Oil is a finite fossil fuel? New research finds oil may be abiotic liquid and not a substance derived from fossils, as was once believed. New theories say that oil is a natural substance that flows under the earth's crust and pools, especially near the surface at various faultlines in the earth's crust. Easy oil is the liquid that requires the least amount of money to drill and pump. AS technology increases so too does the ease of extracting the oil. And I haven't even mentioned extracting oil from natural gas, oil shale, oil sand, and coal. The US and Canada have the largest "known" coal deposits in the world.
China will surpass US in consumption? Some see all those "well-paid" chinese workers buying gas at the same market value as the US, with the communist tax system. I don't. And I don't believe the chinese slave-labor will to buy Y200,000 SUVs. Europeans that are relatively rich compared to China use mass transit and other forms of transportation due to the cost of fuel--that is, their low wages in socialist utopia versus fuel prices with excessive taxation. Why do we speculate the rise of China. IMO their oil consumption is due to their infrastructure growth which is now declining, as is their steel consumption, not by a billion chinese driving Suburbans.

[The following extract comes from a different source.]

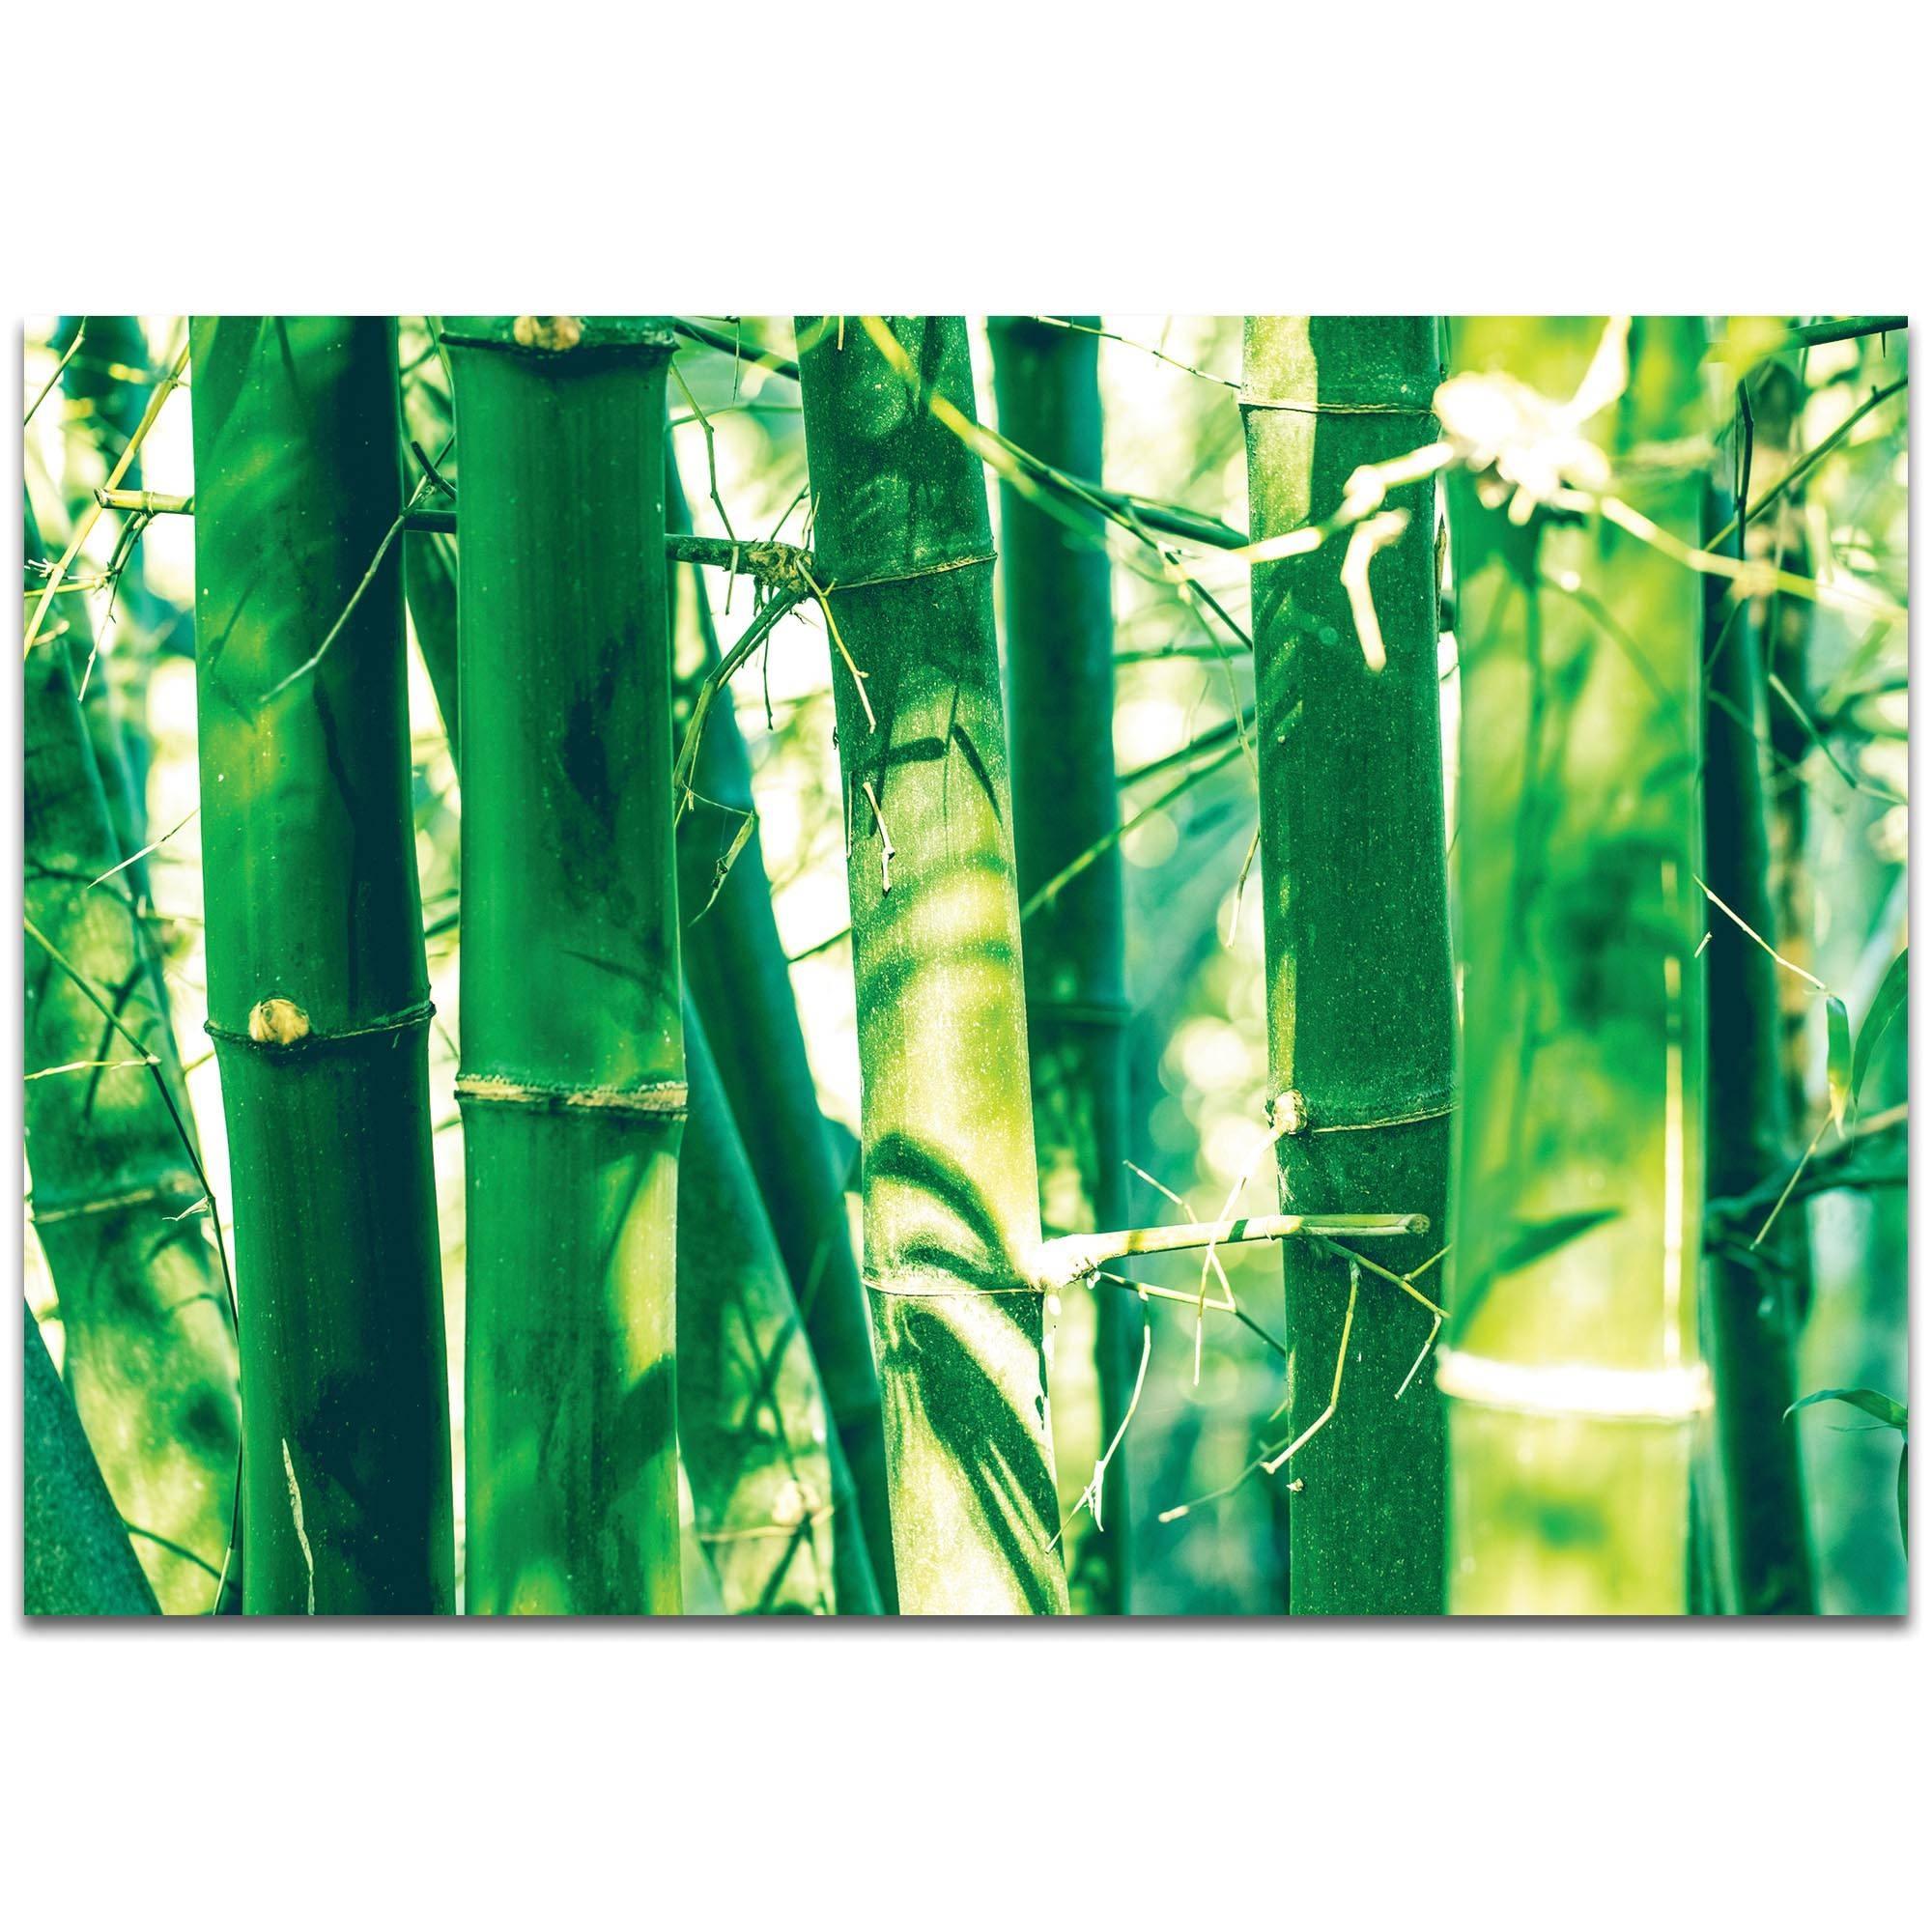 Metal Art Studio – Bamboo Forestmeirav Levy – Nature Regarding Most Current Bamboo Metal Wall Art (View 24 of 25)

US produces less than 15% of the world's oil? True. But production and potential production are two different animals. Oil companies know the reserve potential in Alabama, Mississippi, Carolinas, Florida, California, Oregon, Washington, New Jersey, Long Island, and Massachusetts, as well as the untapped reserves in the western states and Alaska--to name a few locations--that are enormous, untapped, and unmapped on your graphs. I would also like to turn your attention to new studies on the true potential of USSR production, and the news says that reserves in USSR are far greater than perhaps the Mideast combined.